The results of Experiment 2 showed a stronger testing effect as compared to Experiment 1: The three retrieval conditions led to higher performance than in the restudy and study-once conditions. The overt-response conditions (aloud and type) yielded the best performance on the final test. Although a testing effect was also obtained in the covert condition, the benefit to final-test retrieval was not as strong as with overt retrieval. This outcome suggests that testing effects may be driven both by the act of retrieval and by the production of an answer, yet this pattern of results differed from that in Experiment 1, in which covert retrieval produced effects equivalent to those of overt retrieval. One possible reason for this difference between the experiments is that providing feedback in Experiment 2 may have undermined subjects’ motivation to covertly retrieve the items (knowing that they would see the correct answer in a few seconds may have led to their not trying to retrieve the answer on all test trials). However, the covert condition did lead to better performance than the restudy condition, implying that on some trials subjects were engaging in covert retrieval.

Providing feedback in Experiment 2 generally increased performance on the final test relative to Experiment 1. Dropping the additional JOL procedures also led to a more streamlined design and may have affected the relative performance of the restudy conditions. Because exposure was equated and feedback should have affected all of the retrieval conditions, the difference in outcomes between experiments was probably due to the absence of JOLs in Experiment 2. As mentioned earlier, subjects showed a large improvement from the study-once condition to the restudy condition in Experiment 1 (.29 to .55), but had a much smaller (and more typical) improvement in Experiment 2 (.31 vs. .43). Apparently, the additional JOL during the restudy phase in Experiment 1 may have engaged additional processing that benefited retention.

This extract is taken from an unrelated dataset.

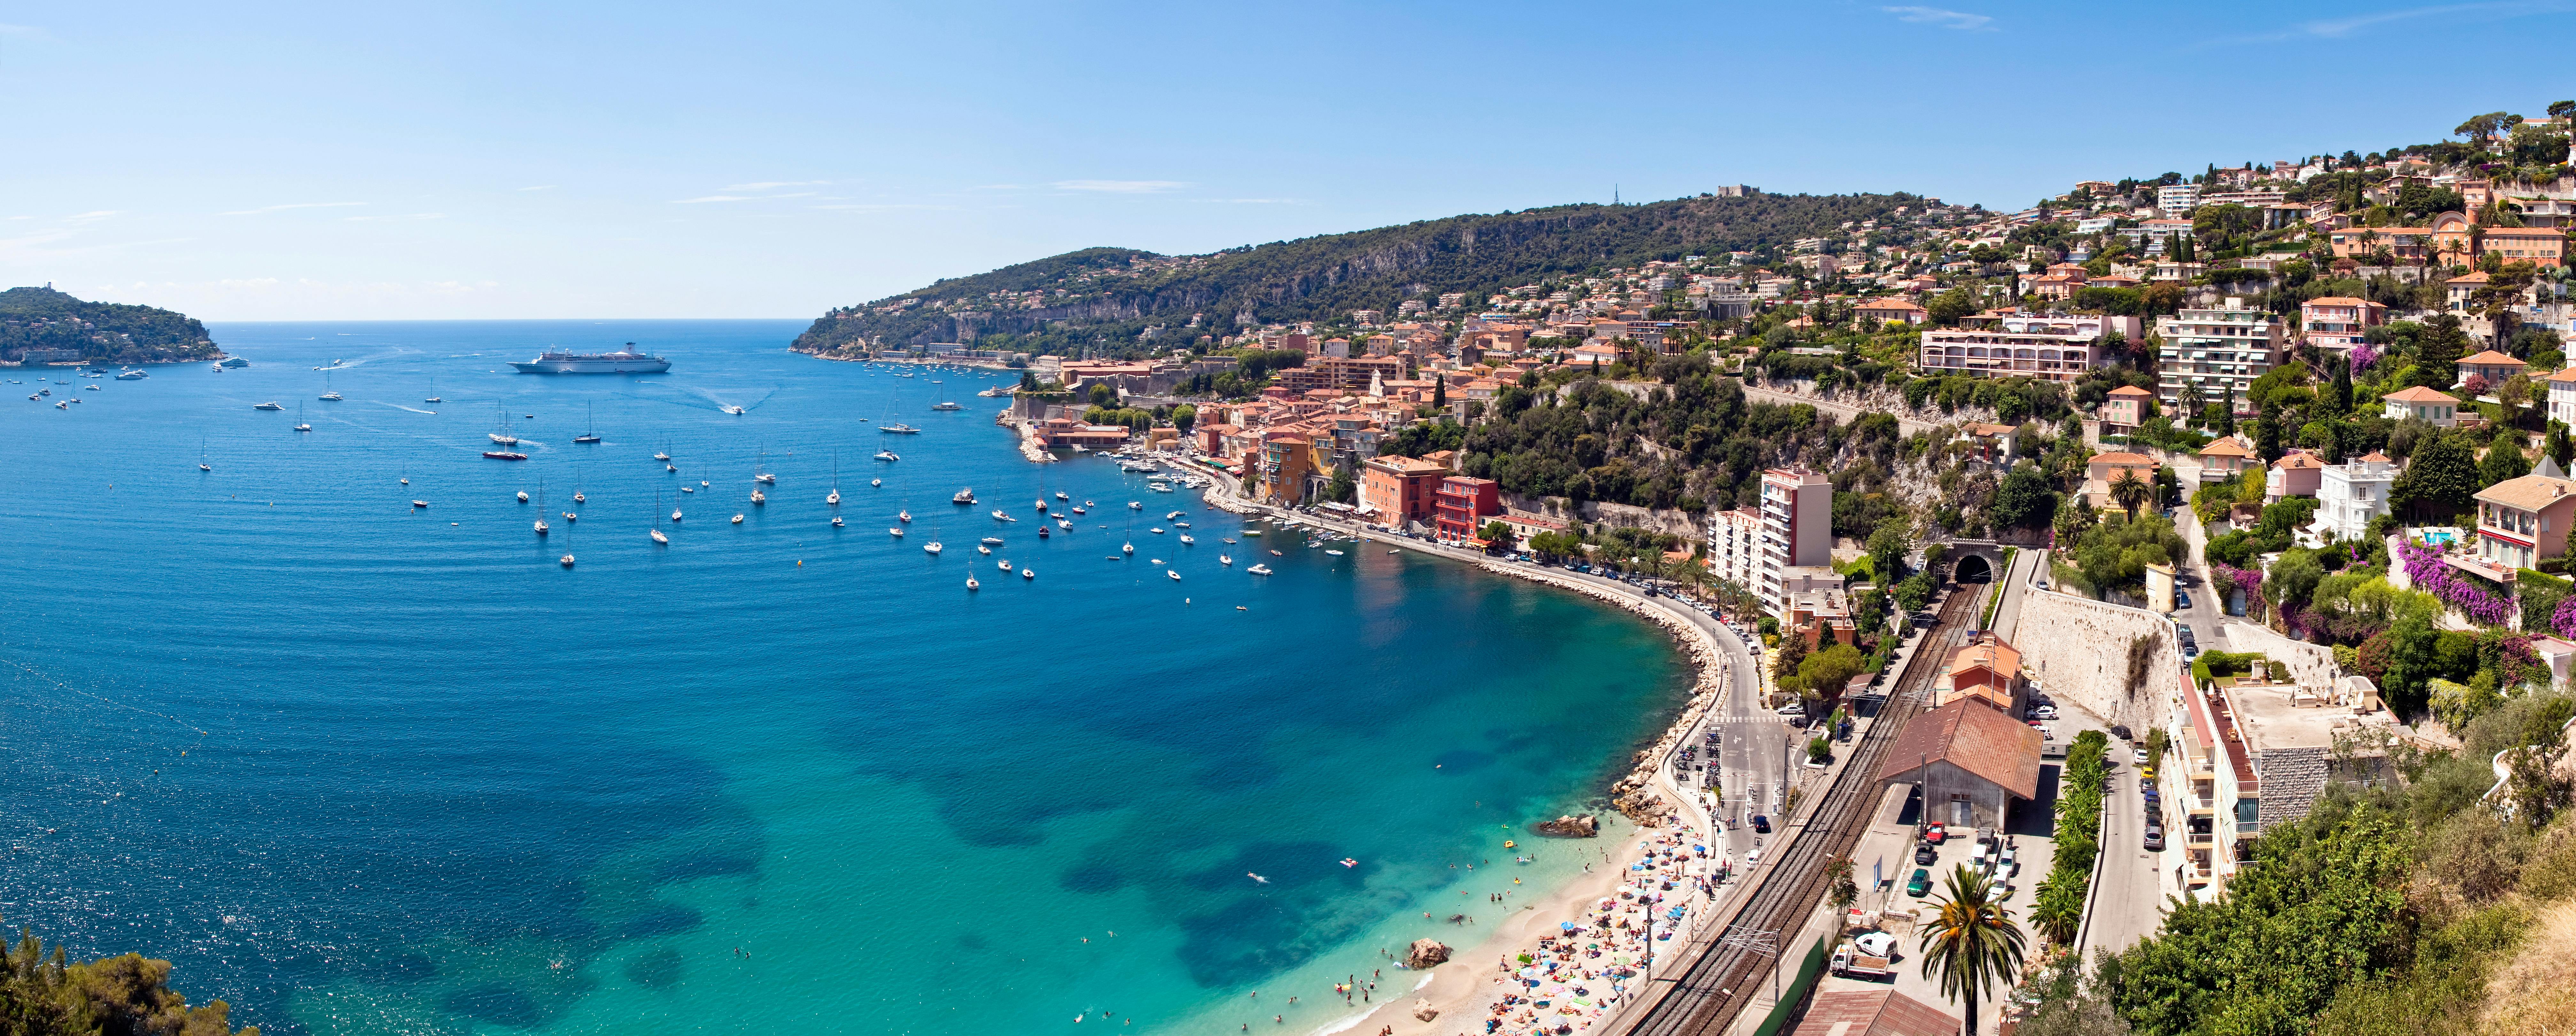 Viaggio privato a Cannes e Antibes dai porti di Nizza o Villefranche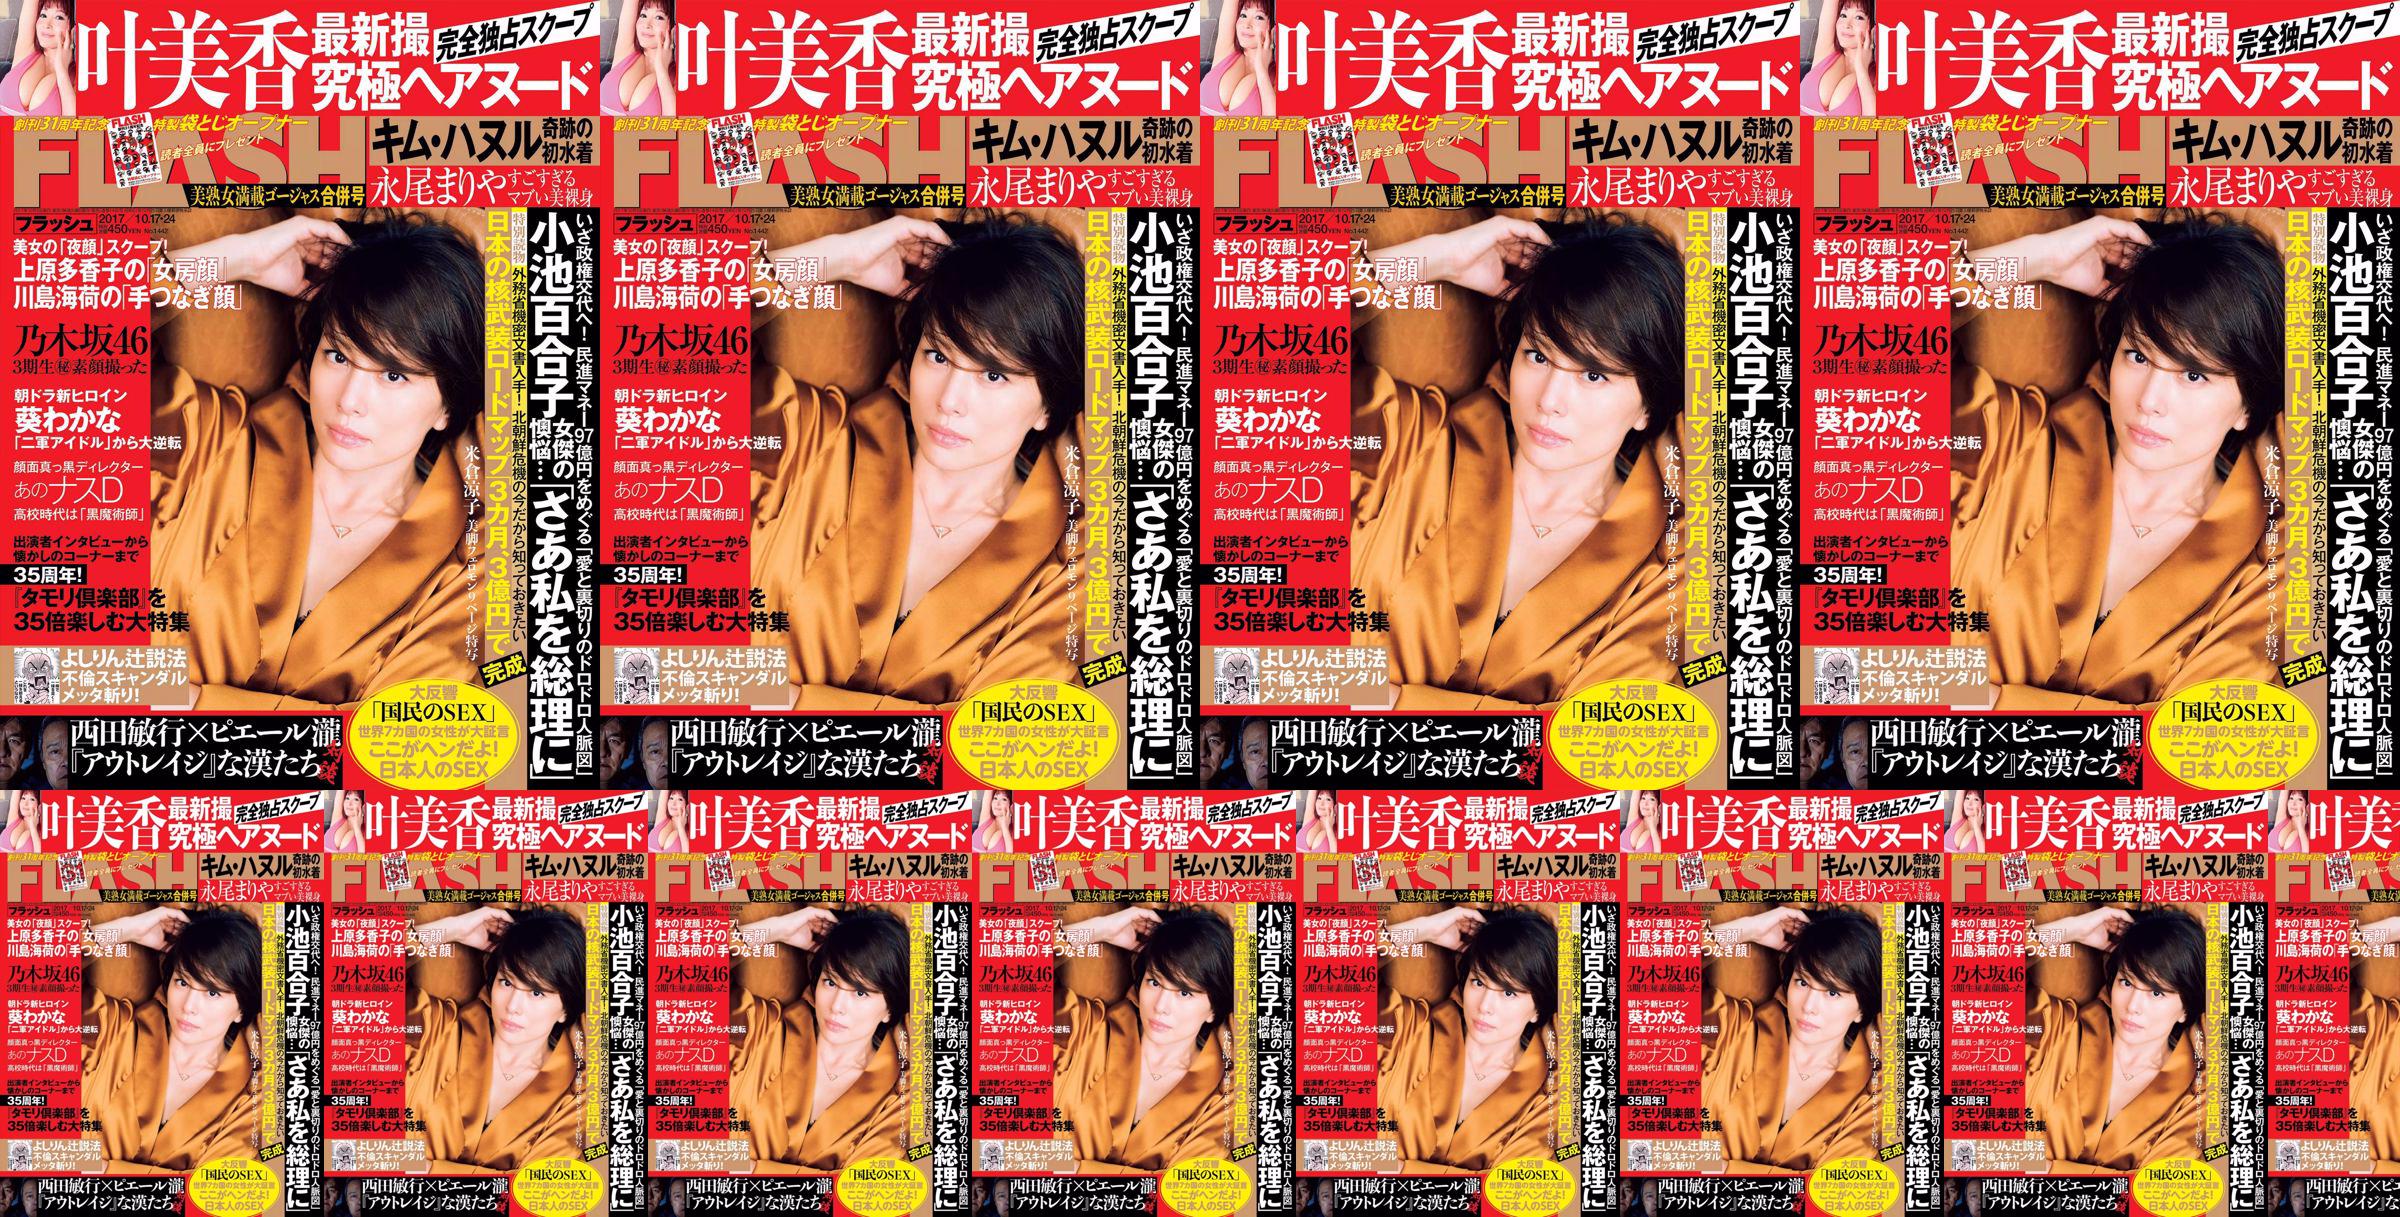 [FLASH] Yonekura Ryoko Ye Meixiang Tachibana Hoa Rin Nagao Rika 2017. 10.17-24 Tạp chí ảnh No.962078 Trang 1

The finding that the overt-response conditions yielded better recall than the covert-retrieval condition is consistent with some earlier research (e.g., Izawa, 1976), but it differs from the results in Experiment 1 and from other, earlier research (Carpenter et al., 2008). Why should the covert condition not be as effective as the overt condition? One possibility, noted above, is that the JOL procedure may not be a perfect substitute for covert retrieval, especially with immediate feedback, as in Experiment 2. Although most researchers have argued that a delayed JOL involves covert retrieval of a response, subjects may sometimes make such judgments on the basis of other factors, such as the familiarity or fluency of the cue word (Dunlosky & Metcalfe, 2009, pp. 104–110). If so, subjects may not always attempt covert retrieval, likely due to the expectation of immediate feedback, which may result in the inferior performance in the covert condition as compared to the overt conditions. To overcome these problems, in Experiment 3 we employed a new procedure to elicit covert retrievals (described below) by asking subjects to retrieve the item before knowing whether or not they would need to produce it.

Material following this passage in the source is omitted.